Questo Tribunale, creato 20 anni fa dal Consiglio di Sicurezza delle Nazioni Unite, era stato caricato sin dall’inizio da attese di ogni tipo, quasi si trattasse di un’istituzione messianica in grado di portare pace e riconciliazione nella regione. Come notato però in un commento pubblicato recentemente da Jelena Subotić, professore associato di scienze politiche alla Georgia State University di Atlanta, si trattava solamente di un tribunale. Ha lavorato nella totale assenza di meccanismi extra giudiziali per il confronto con il passato, di strumenti di giustizia transizionale, quali commissioni per la verità e la giustizia, o di programmi rivolti alla conservazione di una memoria che consentisse uno sguardo comune sul passato e il futuro della regione.
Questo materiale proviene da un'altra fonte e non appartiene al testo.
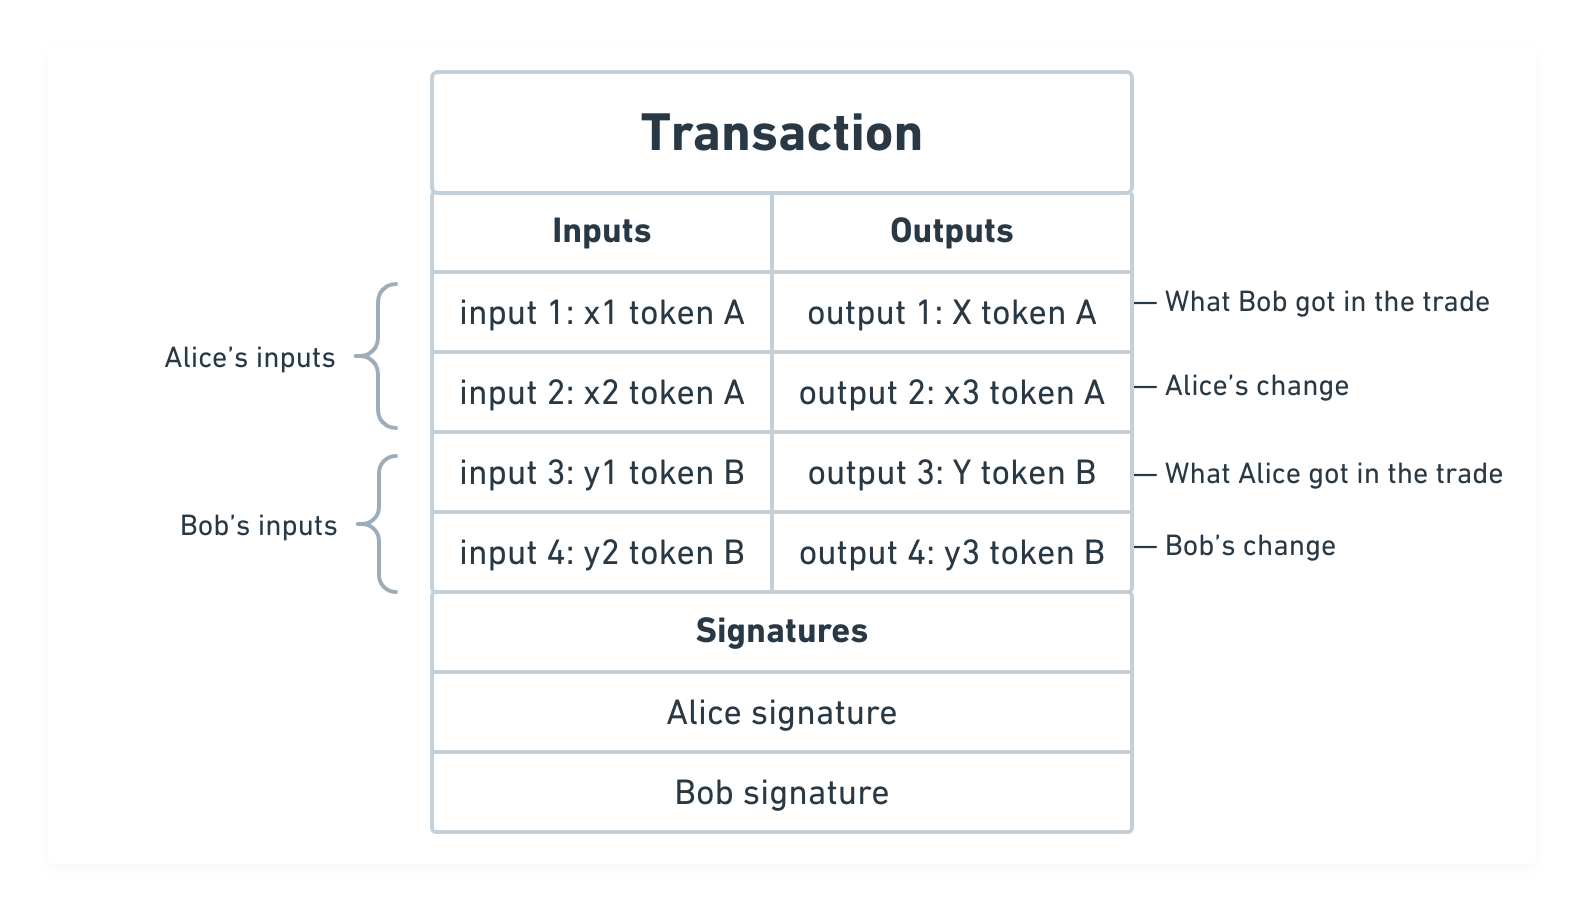 Transaction process of a wallet composed system

Il Tribunale è rimasto così da solo, incaricato allo stesso tempo di dare giustizia alle vittime e di fornire un rendiconto storico di quanto accaduto, modificare i diversi punti di vista sul passato, portare alla riconciliazione. Una responsabilità, sottolinea la Subotić, che il Tribunale non avrebbe mai dovuto assumere. La semplice amministrazione della giustizia per i crimini compiuti in Europa negli anni ’90 era già un compito immane.